Le lesbianisme militant est un thème central de la seconde vague du féminisme qui se développe dans les années 1960 et 1970. Pour résumer, là où les féministes de la première vague se concentraient sur les conquêtes politiques (droit de vote, doit à la contraception, etc.), celles de la seconde vagues s’efforcent de déconstruire la matrice oppressive, patriarcale et hétérosexuelle, qui structure les sociétés. Comment, cependant, échapper à la domination masculine qui s’est insinuée dans tous les domaines de la vie ? En faisant sécession, répondent certaines féministes dites radicales de part et d’autre de l’Atlantique – avec les Women’s Lib américain et son pendant français, le MLF.

 

  • Dès les années 1960, certaines militantes commencent à développer des pratiques de non-mixité et s’interrogent sur la possibilité de concilier la lutte féministe avec une sexualité hétérosexuelle. La non-mixité, qui permet aux femmes de se réunir temporairement entre elles, est-elle suffisante ? Faut-il aller plus loin, vers un séparatisme durable permettant l’établissement d’une société parallèle ? Cette idée se développe, notamment au sein du Leeds Revolutionary Feminist Group. Toutes les femmes du groupe ne pratiquent pas une sexualité lesbienne : certains choisissent le célibat volontaire, d’autres se considèrent comme asexuelles. Leur séparatisme est d’abord défini par la négative : la « lesbienne politique » est « une femme qui ne baise pas d’hommes. » Certaines conservent cependant des relations hétérosexuelles, à conditions que celles-ci n’implique pas de lien d’affection. 
  • La rédaction du SCUM Manifesto (SCUM est l’acronyme anglais de « Société pour l’émasculation des hommes ») par Valerie Solanas en 1967 contribue à la popularisation du féminisme séparatiste. Satirique, l’ouvrage souligne que les femmes doivent apprendre à se passer des hommes, y compris pour des questions reproductives : « Grâce au progrès technique, on peut aujourd'hui reproduire la race humaine sans l’aide des hommes (ou d’ailleurs sans l’aide des femmes) et produire uniquement des femmes ; conserver le mâle n'a même pas la douteuse utilité de permettre la reproduction de l'espèce. Le mâle est un accident biologique ; le gène Y (mâle) n'est qu'un gène X (femelle) incomplet, une série incomplète de chromosomes. » Les hommes ne peuvent rien apporter au mouvement féministe ; au contraire, ils le freinent. Solanas donne voix à une misandrie radicale.
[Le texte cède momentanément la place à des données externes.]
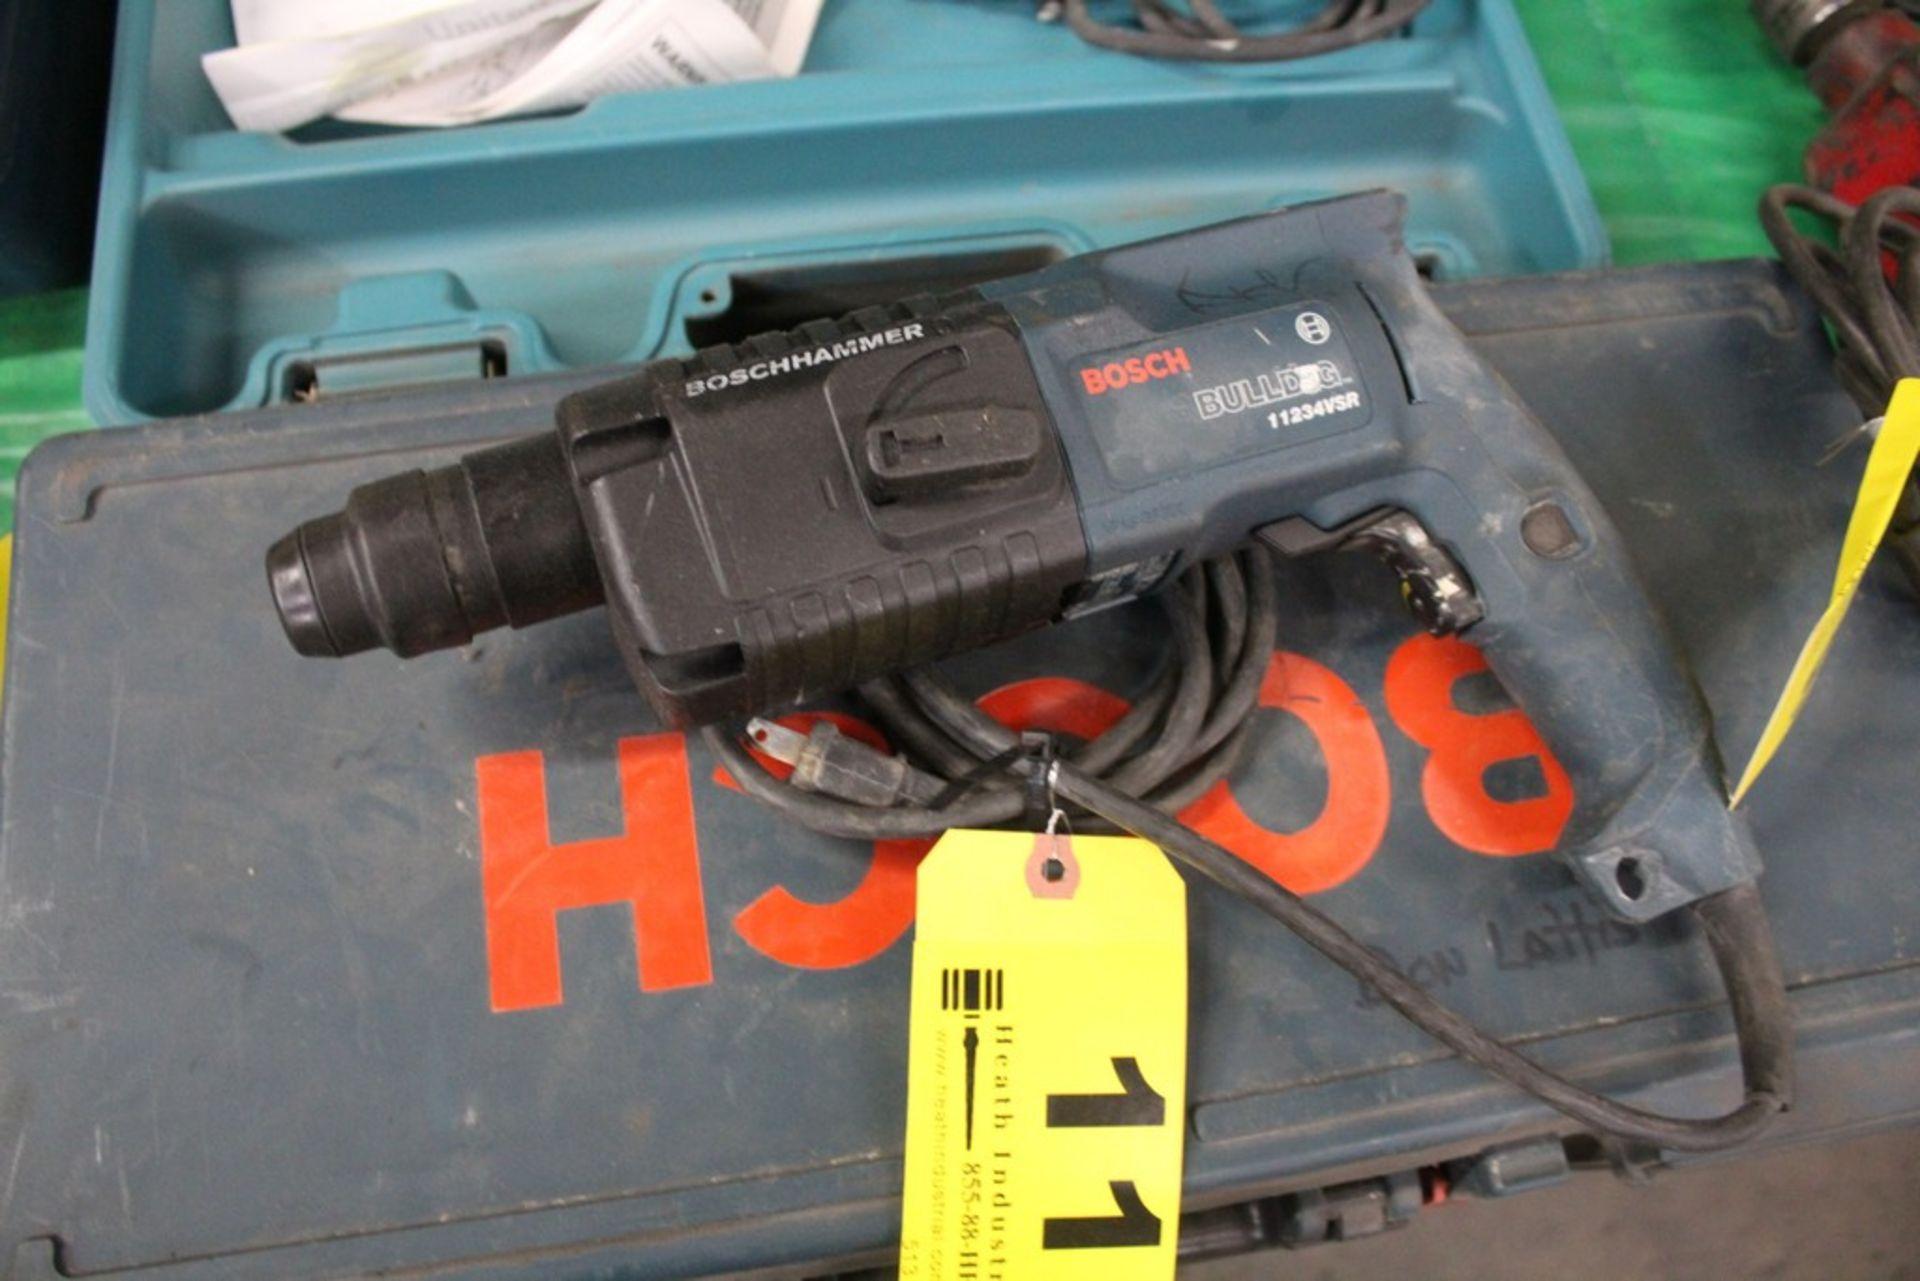 Lot 11 - BOSCH MODEL 11234VSR BULLDOG ROTARY HAMMER

  • Les groupes lesbiens séparatistes se multiplient dans les années 1970. En 1971, la militante américaine de The Feminists Ti-Grace Atkinson prononce la phrase qui devient l’un des slogans du mouvement : « Le féminisme, c'est la théorie ; le lesbianisme, c'est la pratique. » Elle est alors l’une des pionnières de l’idée de « sororité » – qui doit permettre aux femmes, en vivant entre elles, de développer de nouvelles valeurs. L’année suivante, Charlotte Bunch, issue de The Furies Collective, appelle les lesbiennes à ne pas nouer de relations avec les femmes complices du système « hétéronormatif » : « Tant que les femmes bénéficient de l'hétérosexualité, de ses avantages et de sa sécurité, elles sont vouées à trahir leurs sœurs, en particulier leurs sœurs lesbiennes qui n’ont pas reçu ces privilèges. » Le mouvement français des Gouines rouges est sur la même ligne : « Toutes les femmes doivent devenir lesbiennes, c’est-à-dire : solidaires, résistantes, non collaboratrices. »
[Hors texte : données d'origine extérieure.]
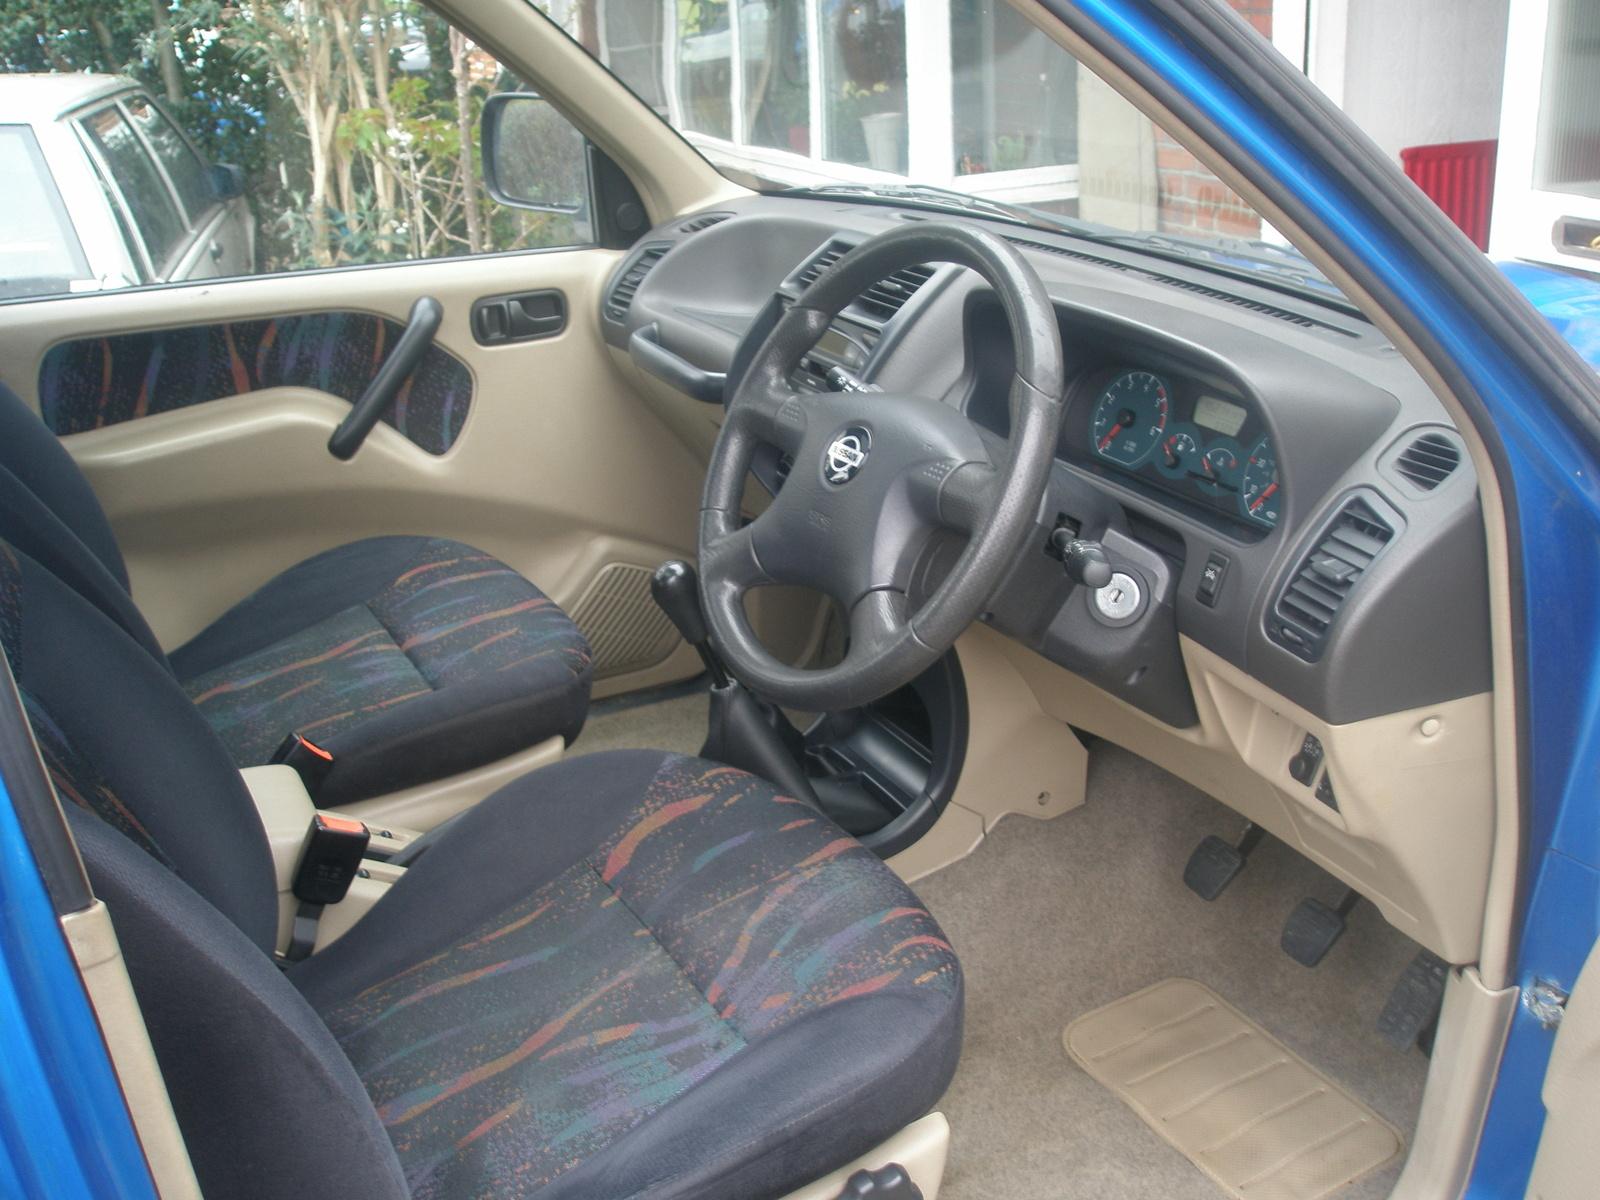 2001 Nissan Terrano II picture, interior

  • Le début des années 1980 est marqué par deux ouvrages qui dessinent les contours théoriques du séparatisme lesbien. En 1980, Adrienne Rich fait paraitre Compulsory heterosexuality and lesbian existence. Elle y souligne l’existence d’un « continuum lesbien » : en dépit de l’injonction à l’hétérosexualité, les femmes ont toujours réussi à tisser entre elle des liens d’intimité, de sensualité et d’affection. Pas nécessairement des relations sexuelles. L’année suivante, l’une des membres du Leeds Revolutionary Feminist Group, Sheila Jeffreys, publie Love Your Enemy? The Debate Between Heterosexual Feminism and Political Lesbianism. Elle y présente l’hétérosexualité comme une forme de complicité avec l’oppresseur et encourage les femmes à se débarrasser des hommes « dans les lits et dans les têtes ». À ses yeux, « l’hétérosexualité est une institution de domination masculine, pas une libre expression de préférences personnelles. […] Considérer que le personnel est politique signifie qu’il est impossible de séparer la sexualité du politique, comme si celle-ci était un espace apolitique ».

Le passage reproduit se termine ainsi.